Я вернулся по темным улицам назад и очутился у лавки Антти одновременно с первыми пересекшими мост машинами, возле меня остановился джип, а прочий транспорт повез дальше в город солдат в белом, они спрыгивали на землю и врывались в беззащитные дома с приготовленными у дверей канистрами с керосином, соломой и щепками.
Мужчина лет тридцати вылез из джипа и смерил меня взглядом, означавшим, возможно, что он отказывается верить собственным глазам: откуда живая душа в подлежащем уничтожению городе?
— Что ты здесь делаешь? — спросил он.
— Я здесь живу, — ответил я.
— Город эвакуируется, — сказал он. — Русские будут здесь через… вероятно, уже утром.
— Мне все равно.
Он опять посмотрел на меня как на чудо-юдо. Его шофер тоже вылез из машины и зашептал что-то ему на ухо, тихо, но слух у меня отличный, после чего первый — очевидно, офицер — вернулся и спросил меня, правда ли, что я местный дурачок. Он и не подумал приправить вопрос одной из этих гаденьких улыбочек, а задал его как самый обыкновенный, как если бы его интересовал мой возраст, например, и я ответил так же просто, что, видимо, да и что я здесь останусь, хоть убивайте, что я никогда не покину Суомуссалми, есть в жизни вещи и поважнее одной жалкой человеческой жизни.

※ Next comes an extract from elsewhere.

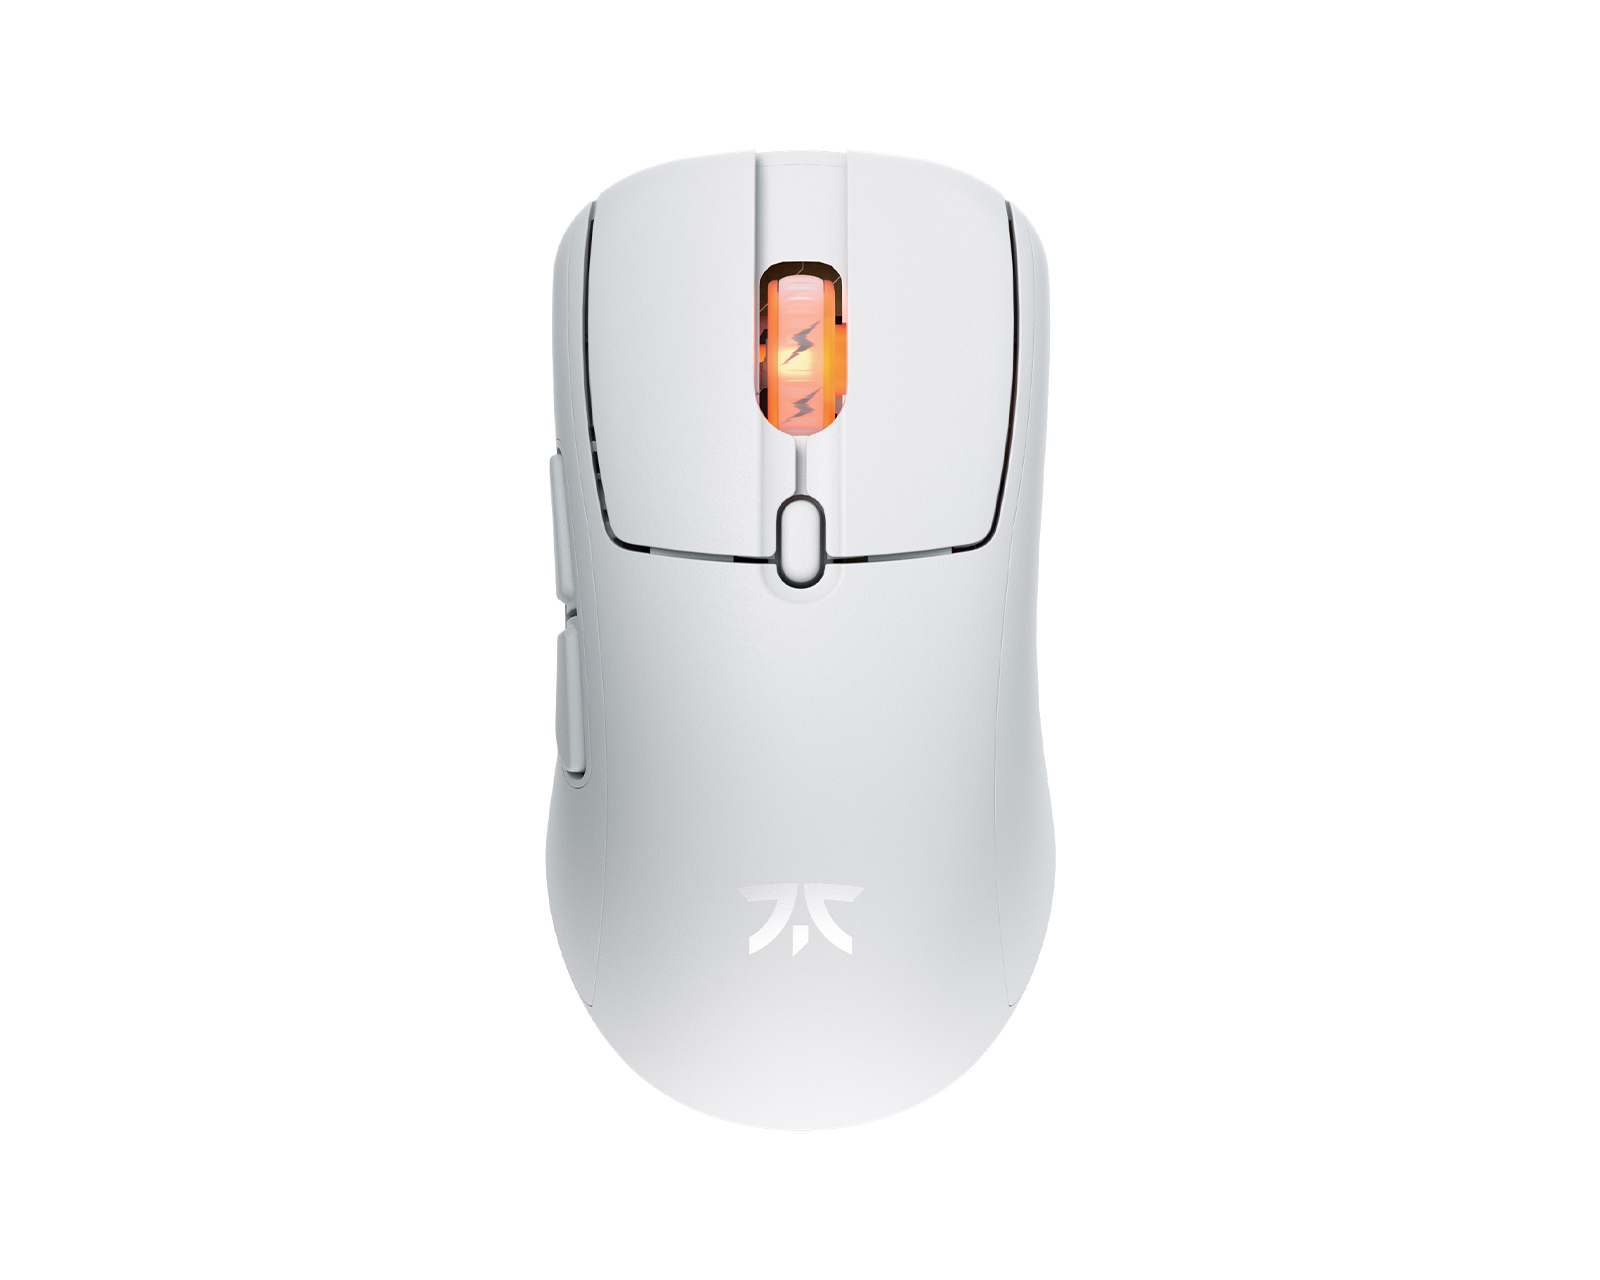 Fnatic Gear Bolt Wireless Gaming Mouse - White - us.MaxGaming.com
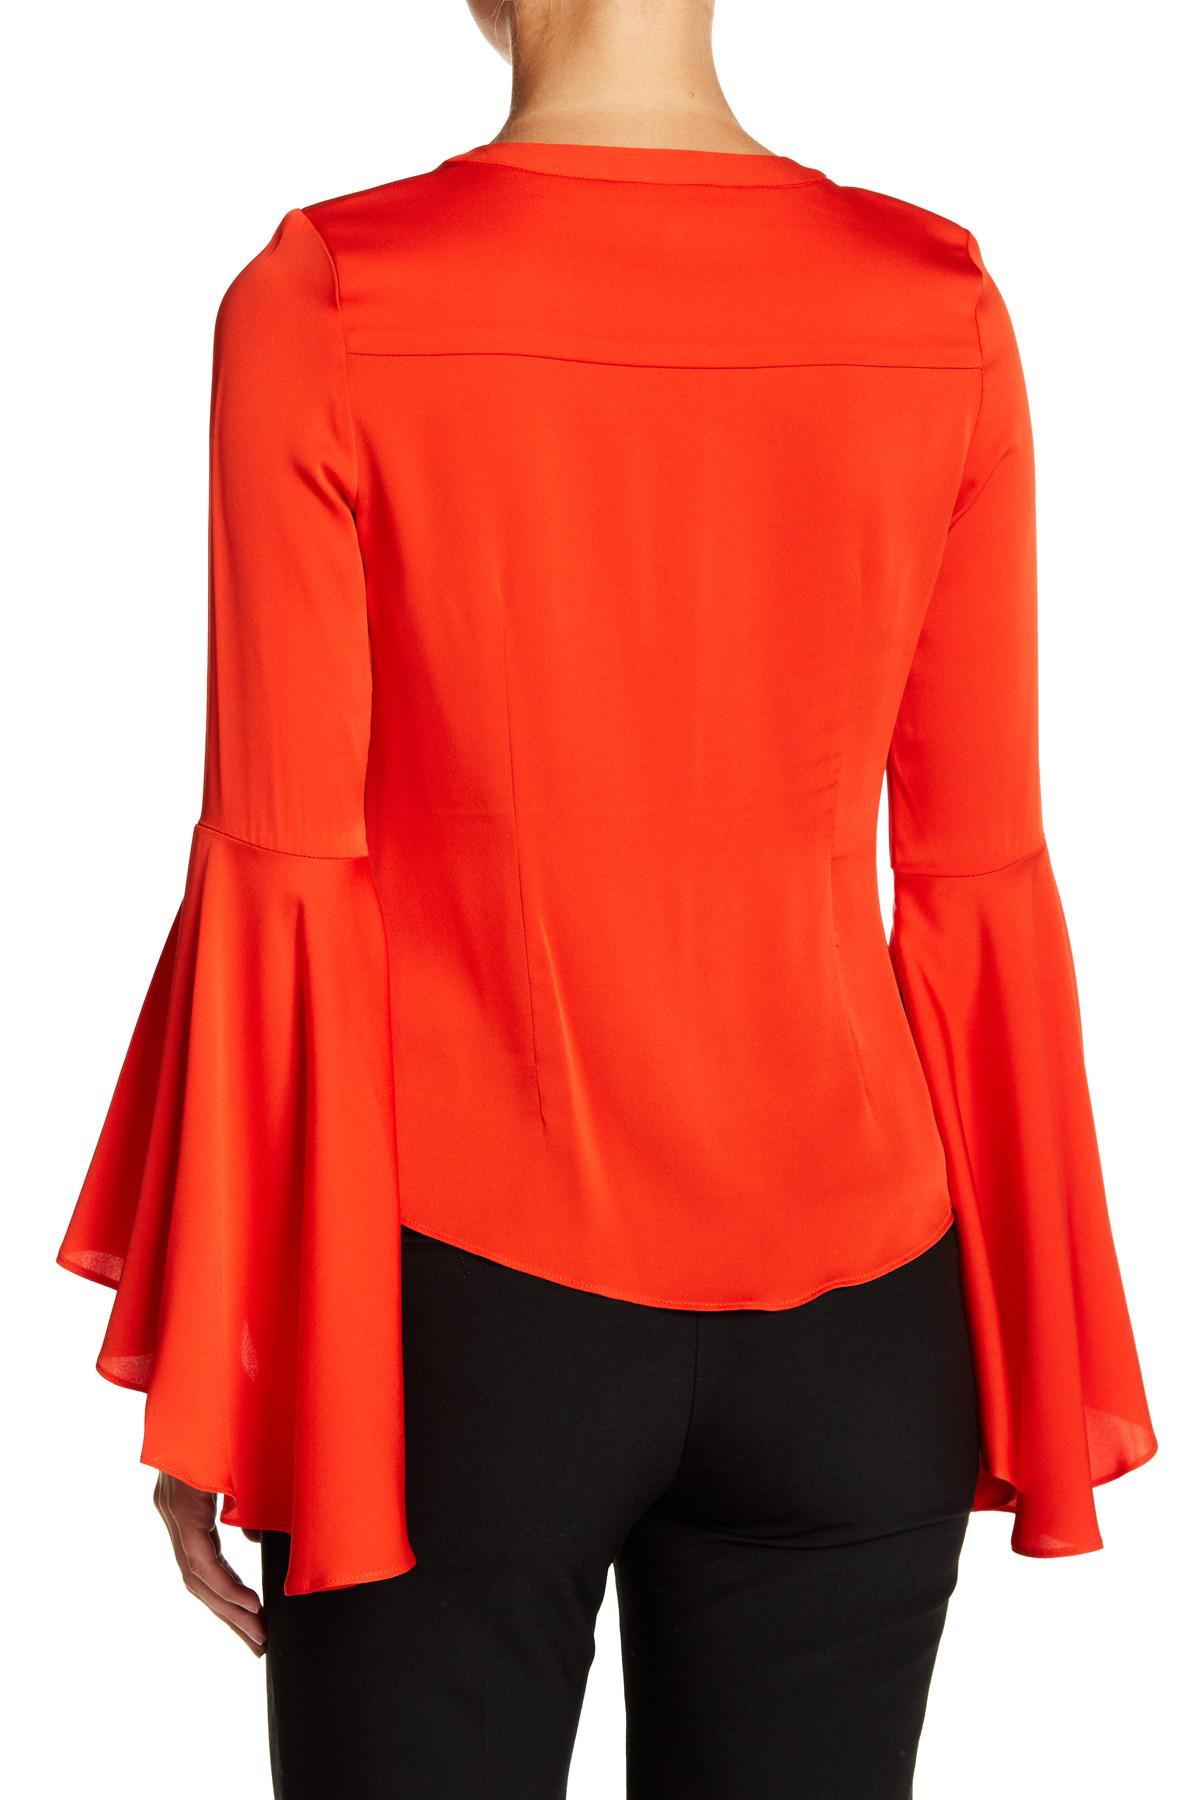 Lyst - Milly Ruffle Bell Sleeve Silk Blouse in Red

Он улыбнулся, невольно, вероятно.
— Оружие у тебя есть? — спросил он, терпеливо обсасывая сосульки, намерзшие в его нечесаной бороде и звякавшие друг о друга.
Я сходил в дом, в заднюю комнату, где я сложил свой инструмент и все, что имелось у меня из еды, и принес свое ружье.
— «Музин», — сказал он задумчиво и погладил старинное сокровище голыми руками, оценив, значит, показалось мне, идеальное состояние ружья. — Боевое?
— Да. От отца осталось.
— Патроны есть?
Я отдал их тоже. Он сложил все в машину и повернулся ко мне вполоборота, похоже, необходимость принять решение мучила его настолько, что сил раздумывать у него уже не было.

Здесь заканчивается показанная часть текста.